A template would not be a template if it could not be parameterized. In principle, Jinja2 allows the option of templates "in itself" - all the necessary variables can be set inside the template itself, and then render it. But working in a template with parameters obtained "outside" remains the main case. Thus, the result of evaluating an expression depends on which variables (parameters) with which values are visible at the points of calculation. And the catch is that in Jinja2 there are not just scope (which can be nested), but also with complicated rules of "transparency". For example, here is a template:

{% set param1=10 %}
{{ param1 }}

As a result of its rendering, the text 10
Option will be obtained a little more complicated:

{% set param1=10 %}
{{ param1 }}
{% for param1 in range(10) %}-{{ param1 }}-{% endfor %}
{{ param1 }}

It will be rendered already. 10-0--1--2--3--4--5--6--7--8--9-10
The cycle generates a new scope in which you can define your own variable parameters, and these parameters will not be visible outside the scope, just as they will not grind the values of the same parameters in the external one. Even trickier with extends / block constructs, but it’s better to read about this in the Jinja2 documentation.

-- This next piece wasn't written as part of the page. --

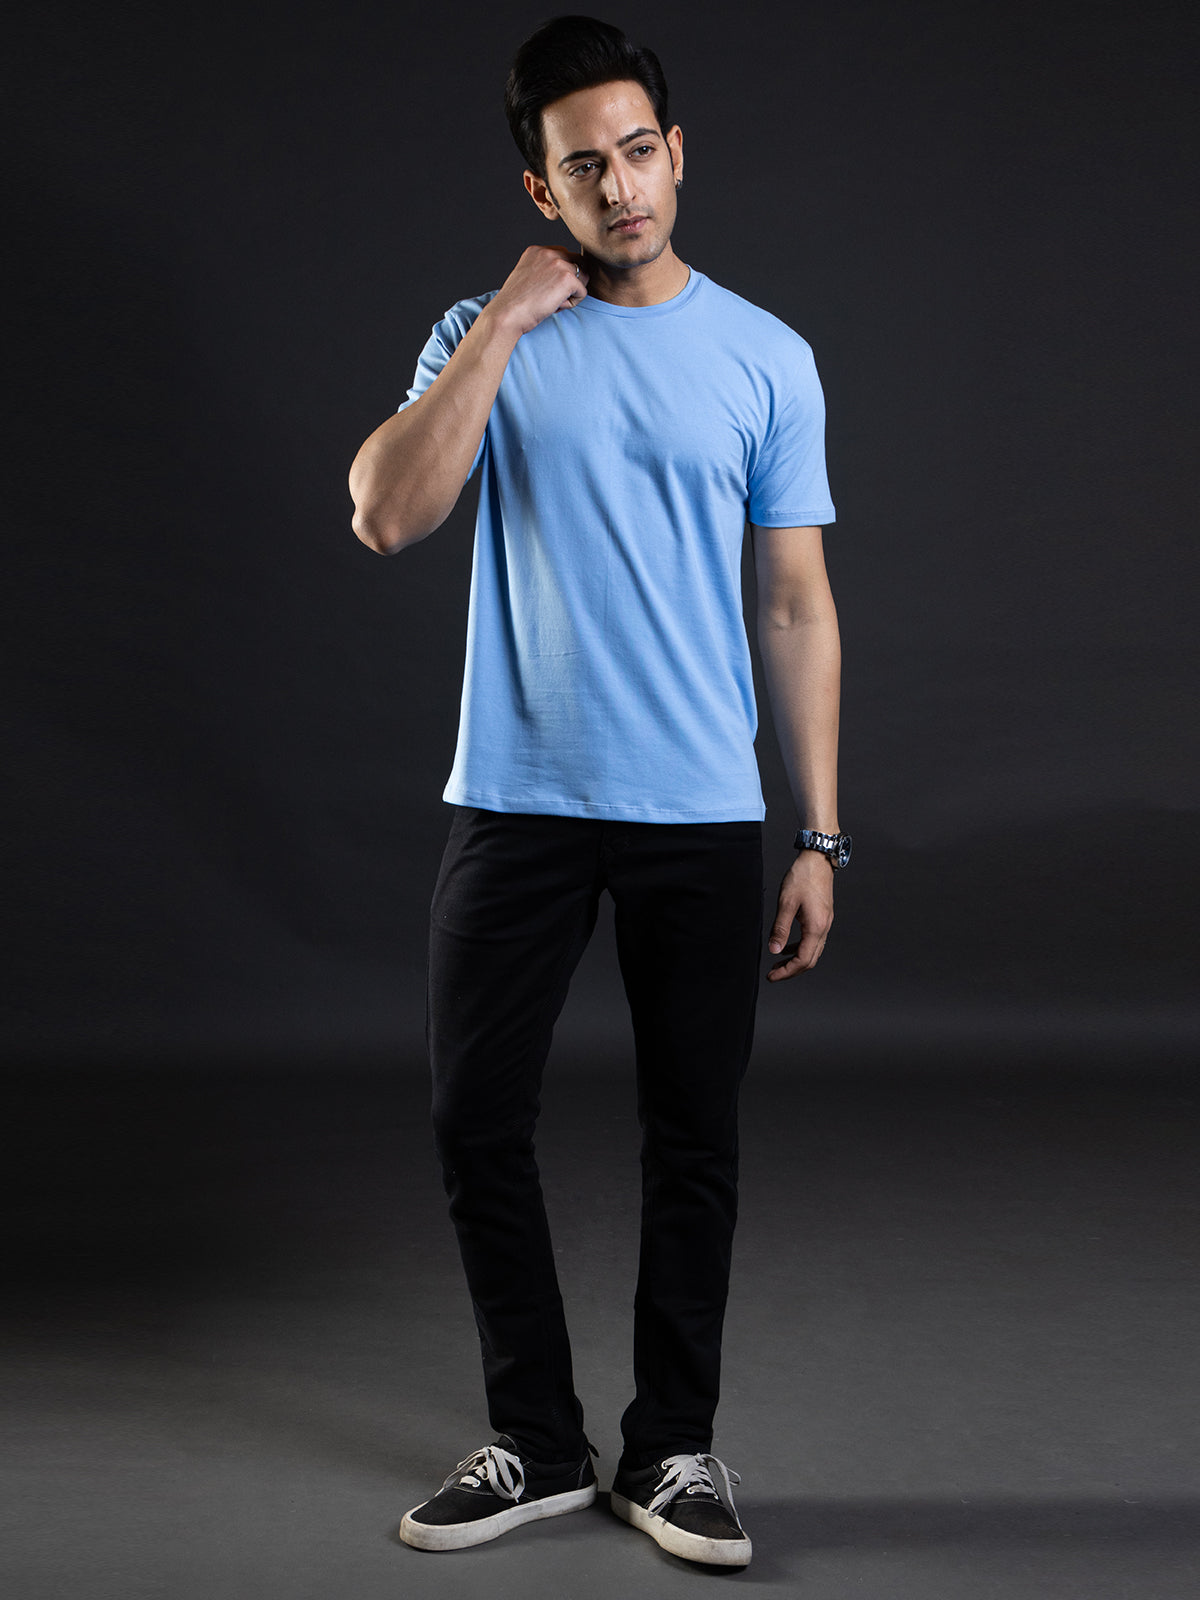 Maya Blue  | ACTION series | Sports t shirt for Men

Thus, the context of the calculations appears. Or rather, rendering in general:

class RenderContext
{
public:
    RenderContext(const InternalValueMap& extValues, IRendererCallback* rendererCallback);
    InternalValueMap& EnterScope();
    void ExitScope();
    auto FindValue(const std::string& val, bool& found) const
    {
        for (auto p = m_scopes.rbegin(); p != m_scopes.rend(); ++ p)
        {
            auto valP = p->find(val);
            if (valP != p->end())
            {
                found = true;
                return valP;
            }
        }
        auto valP = m_externalScope->find(val);
        if (valP != m_externalScope->end())
        {
            found = true;
            return valP;
        }
        found = false;
        return m_externalScope->end();
    }
    auto& GetCurrentScope() const;
    auto& GetCurrentScope();
    auto& GetGlobalScope();
    auto GetRendererCallback();
    RenderContext Clone(bool includeCurrentContext) const;
private:
    InternalValueMap* m_currentScope;
    const InternalValueMap* m_externalScope;
    std::list m_scopes;
    IRendererCallback* m_rendererCallback;
};

From here .

The context contains a pointer to a collection of values obtained when the rendering function was called, a list (stack) of scopes, the current active scope, and a pointer to a callback interface, with various functions useful for rendering. But about him a little later. The parameter search function sequentially goes up the list of contexts up to the external one until it finds the necessary parameter.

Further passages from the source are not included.